Mar 30, 2013

Recall the Joy Killer

"أذكروا هادم اللذات"

It would be stupid for me to hide the fact that I'm yearning to spend some time in a grave, my grave. I confided a close friend with this secret recently, only not to keep it within me and grow into becoming a burden. Her support was a relief, she understood and offered some help. I felt I was not alone.


Am I that emotionally disturbed to ask for such a simple thing? Am I this paranoid to want to lay down in a grave? Am I the type of people that are so dysfunctional that they only succeed at burying themselves? No, no and a no. I'm a fully functioning, fully productive human being who constantly has the feeling of wanting to lay down for as long as possible, 6 feet down, with the company of someone close, waiting at the edge in case something happened.

It might be the state of mind I always find myself at, the type of psychological state that constantly asks me to remember death.

A teacher threw a poll at a class of 10 yr olds, asked "What is the main reason for death?". Most students elaborated on the topics resulting in death and came up with the usual: Cancer, smoking, car accident, etc.. But there was this one student that answered with "Life".

The first and most important reason for death, is life, and he was right. Death is the most natural outcome of being alive. There is no more festive occasion than passing away. There is no better celebration than closing one's eyes and saying farewell.

I giggle sometimes whenever I think of my community's reaction to death. Absurd isn't it?
I still remember that morning when my cousin came over in a huge haste to my aunt's house, where I had spent the night before, to inform us of something very bad news, her blackened face tells. Found out later on it was my uncle who passed away, my mom's brother. I remember spending the first day at the family's house, where my uncle's body was waiting to be buried. I still remember to this day being the only one with no tears in their eyes. Everyone was weeping, my grandma was even slapping her face and body, grieving her deceased son. I stood there amidst all, watching all these people in black and white, and started wondering why they were doing so and feeling the way they did. I then turned my head towards the body's face, and there it was: He was smiling like never before. His slightly wrinkly face was at ease, as I have always known him in his life; no tension that brought his eyebrows together, no stress that deformed his pitch-black mustaches.

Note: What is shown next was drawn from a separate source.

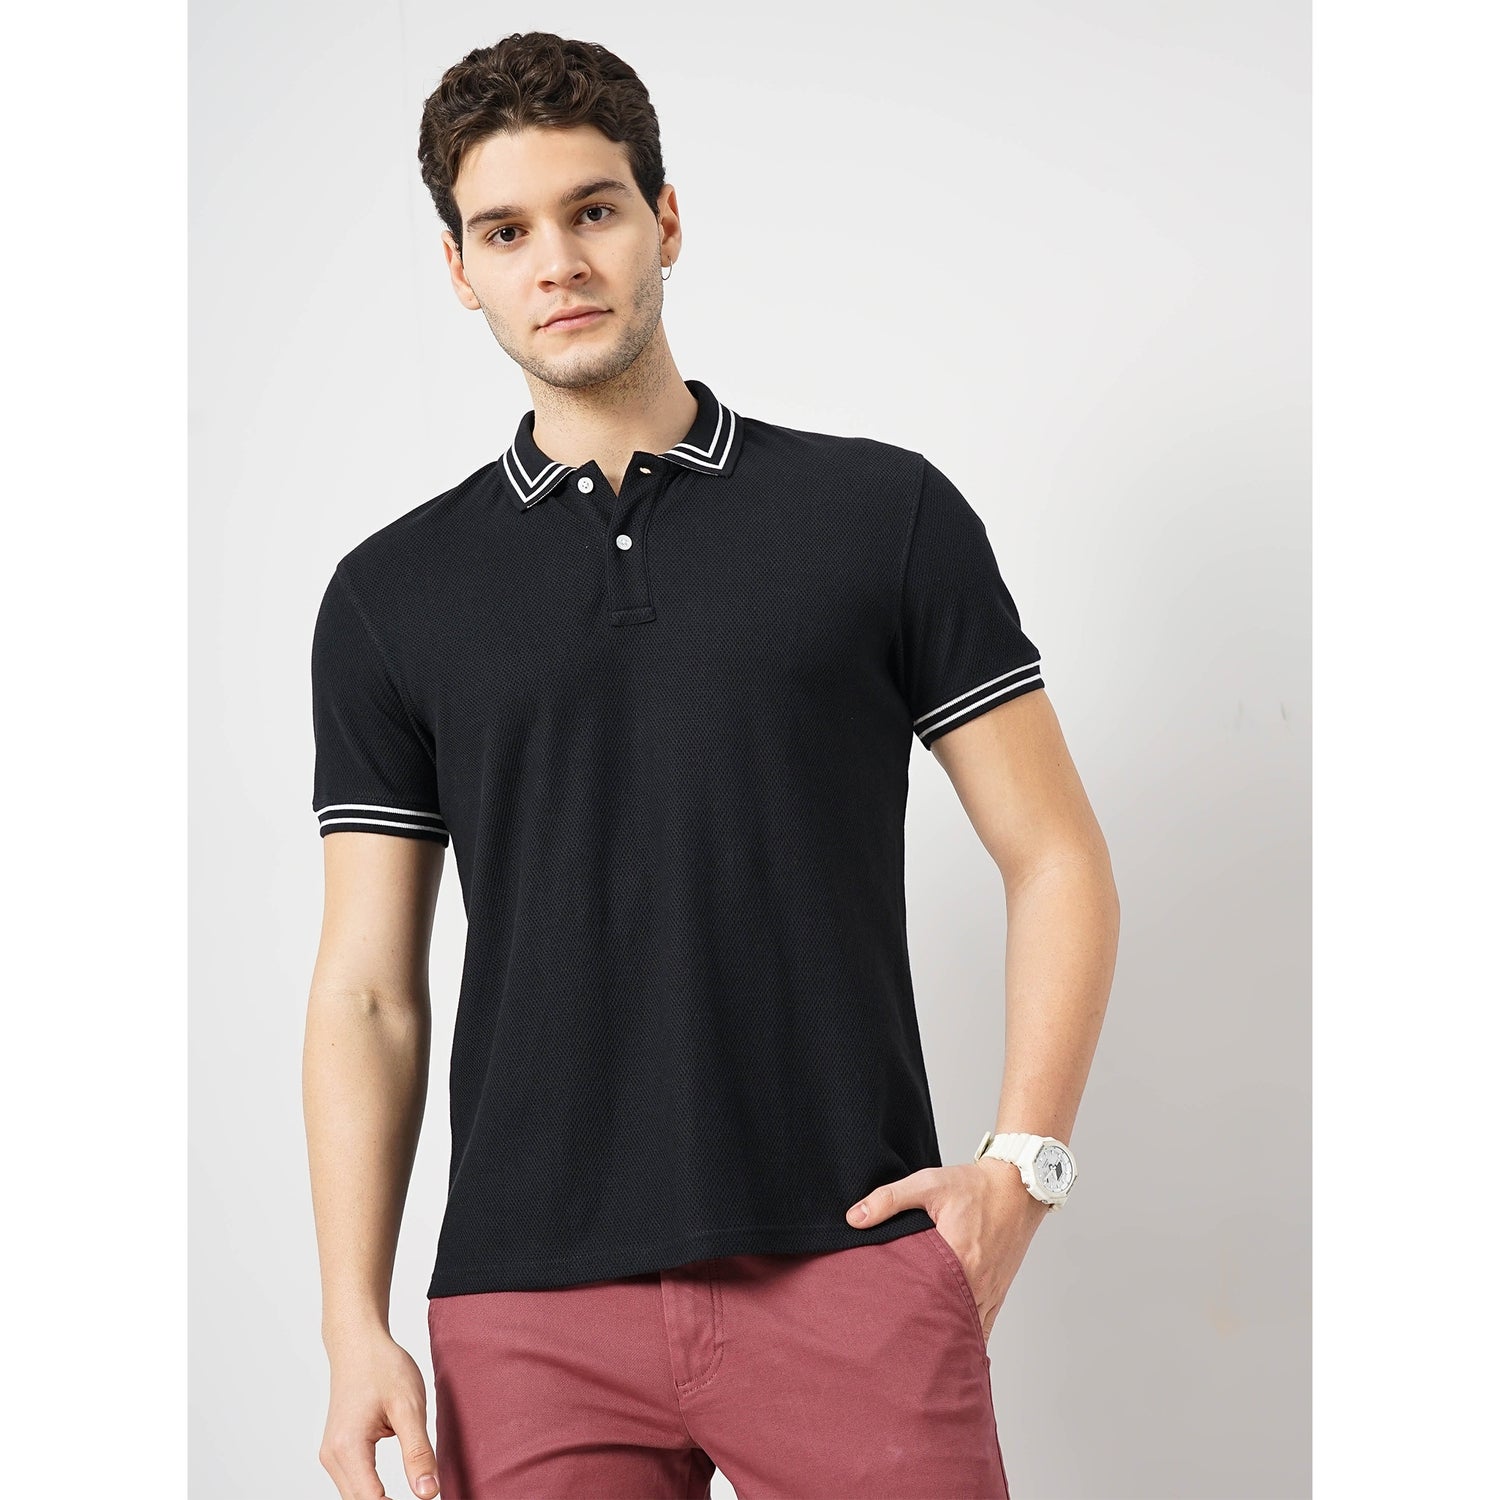 Men Black Solid Regular Fit Cotton Fashion Polo Tshirt (GETEX)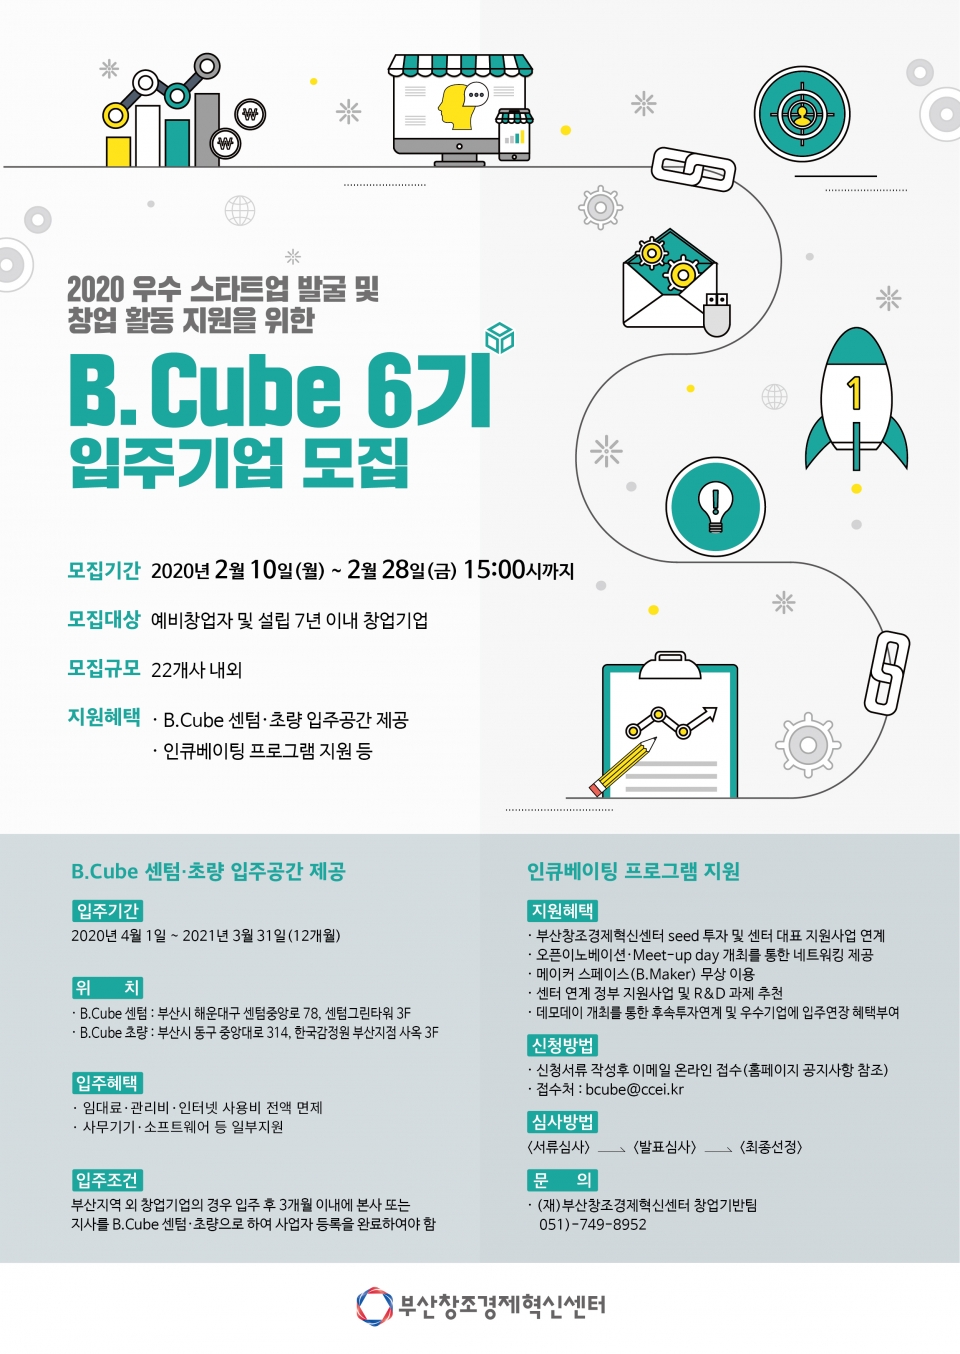 'B.Cube 센텀점 및 초량점' 입주 기업 모집 포스터. (출처: 부산창조경제혁신센터)

We were sent later on to my father's family's house, and were strictly forbidden, especially me, to go back to that house. Little did they know, nothing could stop a curious 9 yr-old boy from doing what he has in plan. I found an excuse and went out. Although that was my first time walking in that area, I actually managed to go back and forth to where we were at. But I couldn't get any close, fearing someone might see me. However, I managed to sneak a peek and saw people of all sorts, all wearing black (?!) were gathered on that balcony. It seemed to me that having someone die, is basically an occasion for the whole family to gather in one place for some time after their egos have taken their toll on putting them apart, even though those who were fighting try to pick their mourning schedules to avoid meeting there. An occasion for people to try out that black expensive dress/suit they bought a while ago. An occasion to show off with cars and possessions. A chance to match couples, finding a bride for that woman's son in the Gulf, or looking for a stud for this woman's 20 yr-old gal. Hypocrisy at its best.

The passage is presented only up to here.